Reeva had an hour before the Group would be over. It was Tuesday, and she wished she'd asked her house cleaner to come on Monday instead of Wednesday so she wouldn't have the lint of ordinary days to contend with before she had to contend with the women. She'd been thrown from her easy horse of order when Linsey had failed to show up to babysit for Johnny after camp yesterday—she'd come home from
Jordan's hovel just a few minutes late, but Johnny was sitting on the back step crying, locked out of his own house, because Linsey hadn't met him there. Linsey had been so reliable; Reeva thought, for just a second, that she'd screwed up the schedule herself, but once they were inside and Johnny had a tall stack of apology Oreos, Reeva checked the calendar. It had been Linsey's fault, and she didn't ever answer her cell when Reeva called her for an explanation. Reeva didn't have the parents' number handy—they weren't the type of neighbors whose number graced her bulletin board. She'd just suffered her small fury and moved on.

Now here were Charlie's leavings. The kids' thousand plates. Only three kids, but they used twelve place settings for the few bites they consumed before their clattering departures.

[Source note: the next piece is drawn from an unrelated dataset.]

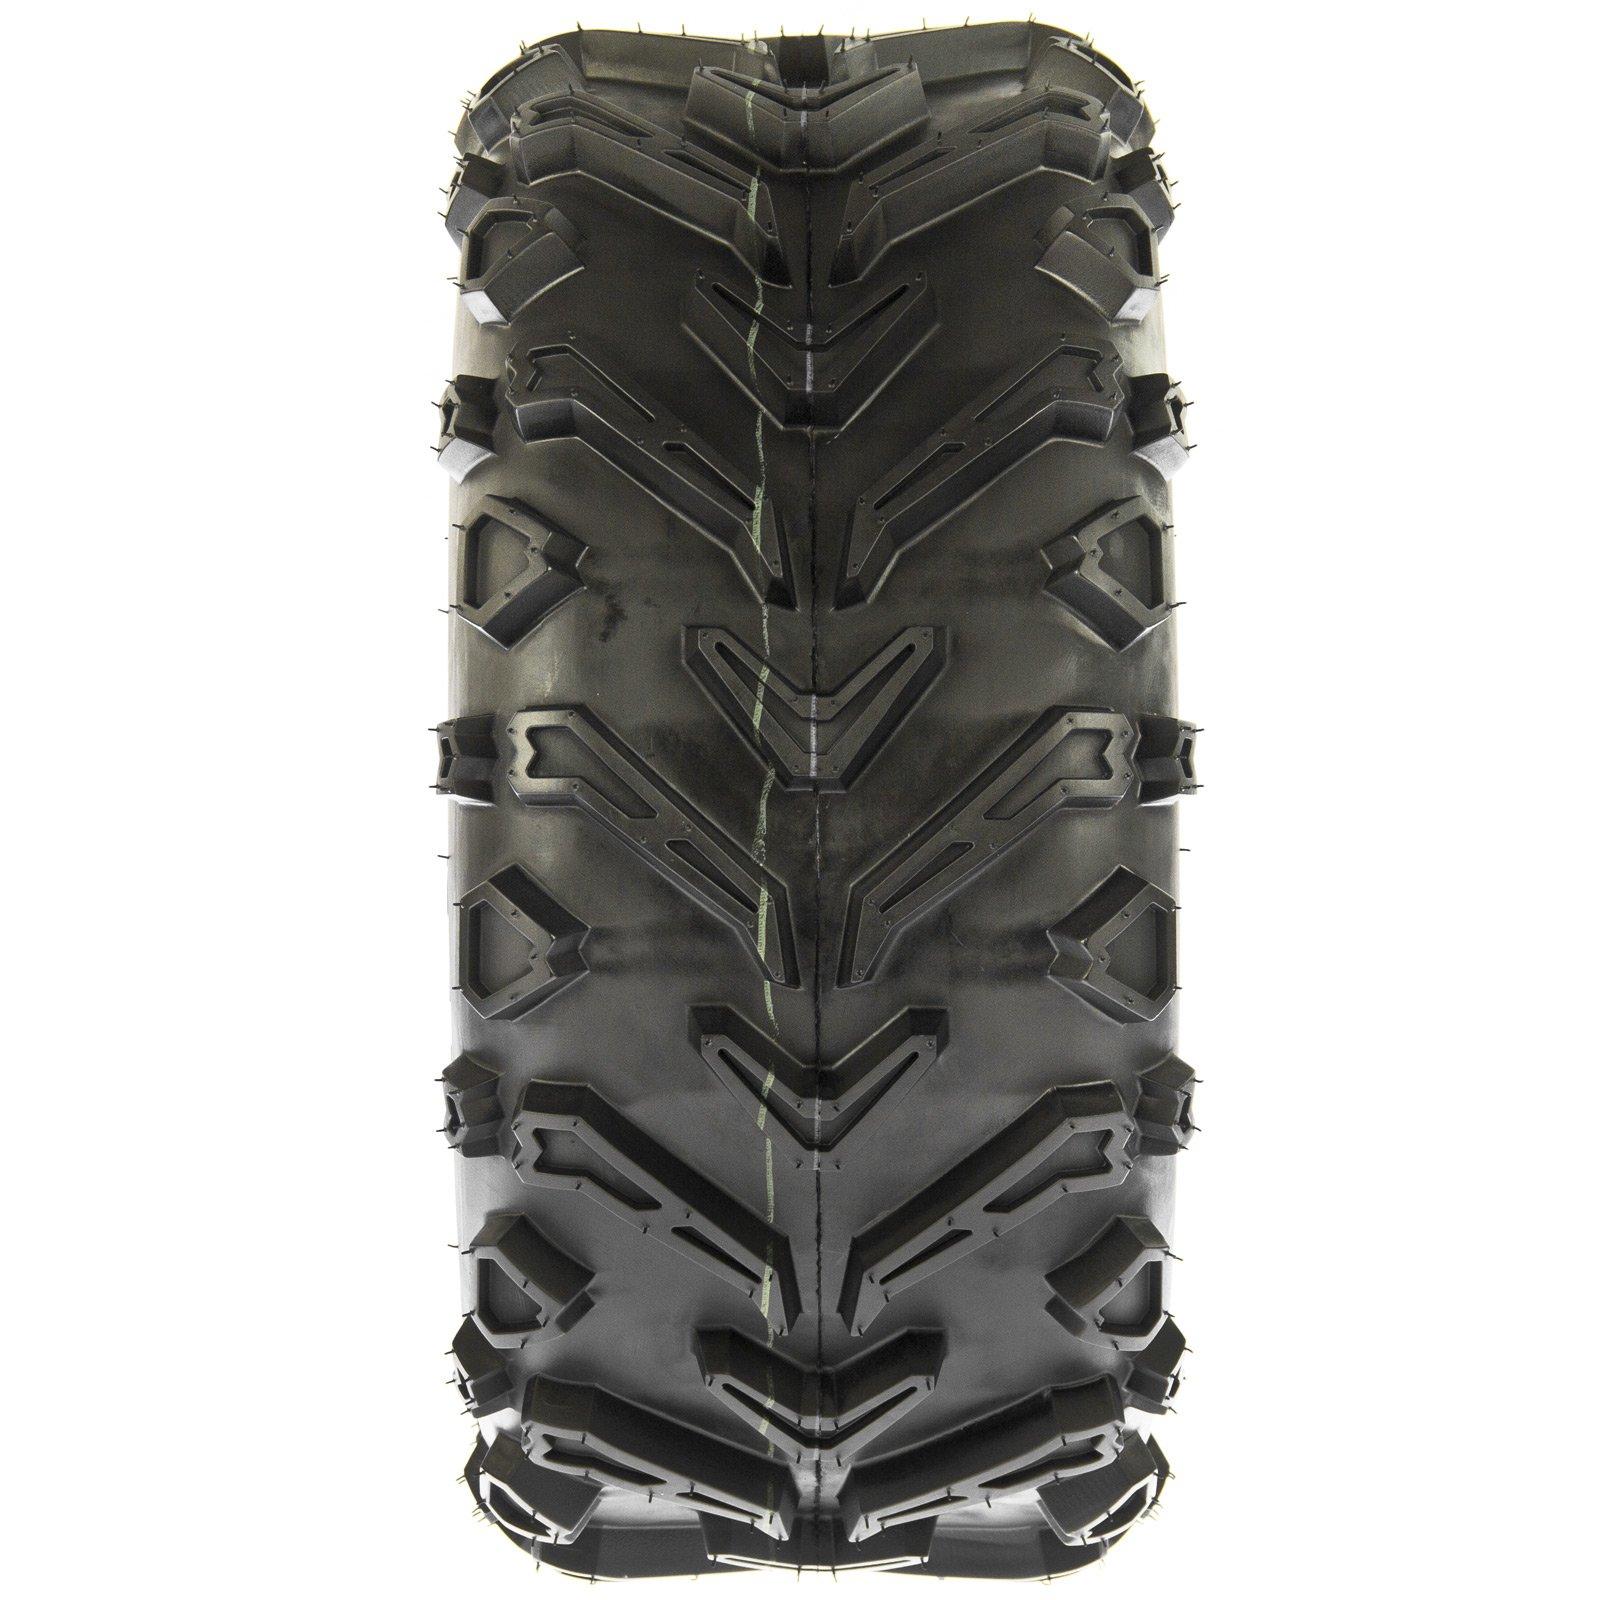 SunF All Trail & Mud ATV UTV Tires 24x8-12 24x10-11 6 PR A041 (Complete Full Set of 4) by SunF (Image #8)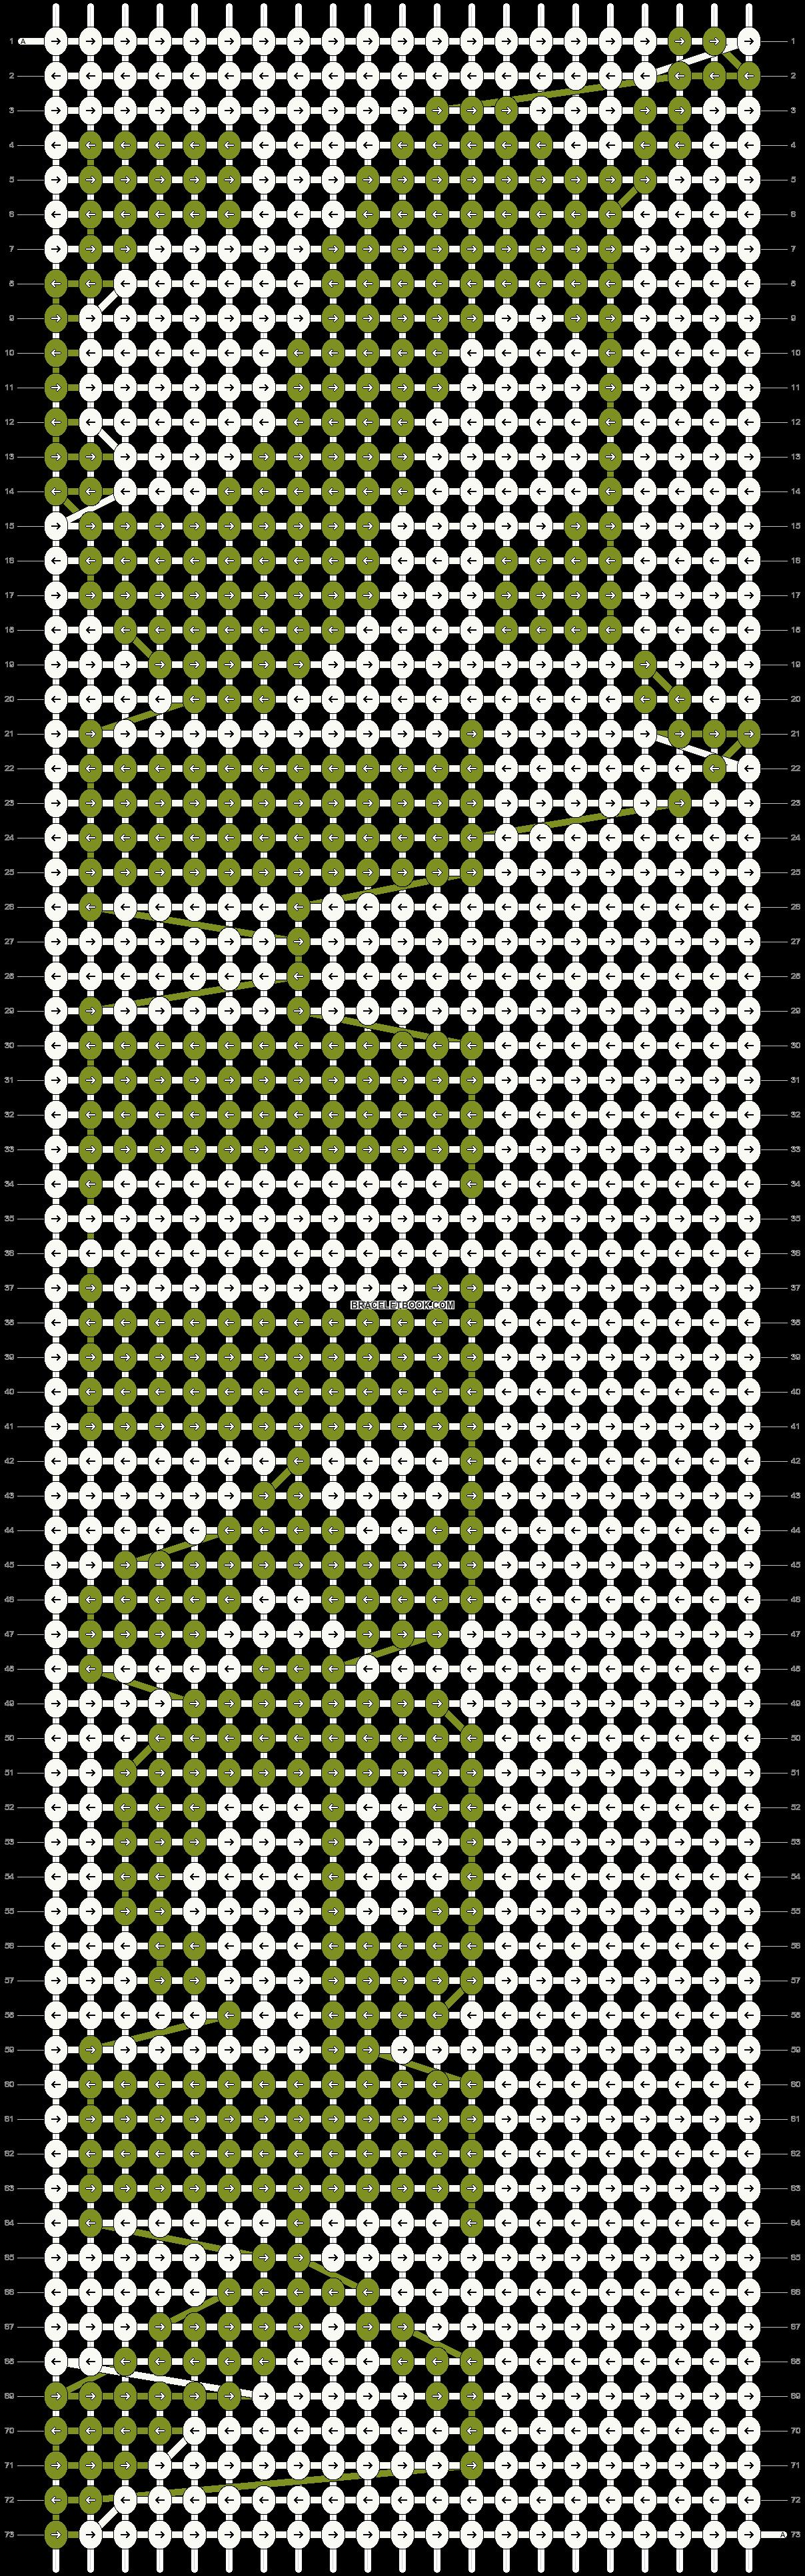 Alpha pattern #1173 pattern

She wasn't really in the mood. Never mind that she started the Group to begin with—just as she had started the Five back in high school. Her select few. Never mind that the weekly meetings kept her from changing the wallpaper in her own living room once a month now—like that postpartum-maddened woman in
The Yellow Wallpaper
—now that she didn't have work to keep her distracted. Johnny didn't need her as much as he used to. He was seven, and though he still had ADD, would always have ADD, he was getting by in camp, and in school. He had an IEP now, a plan to help him through the meltdowns and the times he sat at his desk lining up the bits of paper he'd torn from the edge of the holes on his notebook. No medication: Charlie had wanted to try it, so
they'd tried it, and it made Johnny's mouth dry, kept him up at night, caused him to gain six pounds—though it was supposed to impede appetite. He didn't need that, to be chubby as well as distracted. He had always been beautiful: pale gold hair, when her other children were brown haired. Green eyes, the kind with the golden center and rusty flecks in the irises. She'd loved him as a baby, perhaps more than her others, not that she played favorites, but Johnny had been hard to soothe, he'd needed her so much; she'd despaired of ever not carrying him in the snuggly, and then he was three, and then because the teachers had hinted he had something wrong with him, she was taking him out of the extended-day preschool all her children had attended. Then the gym class where he was the only one who wouldn't come to circle. The two-hour Montessori class was too much independence; he dumped paint on the rug squares when all the other children carried their Dixie cups and brushes with care. They didn't disparage him there, but they did suggest that at four he might not be ready for preschool. Then specialists, then a diagnosis. The drugs when he was five. One month later she took him off, not really consulting with Charlie; not really caring if he cared.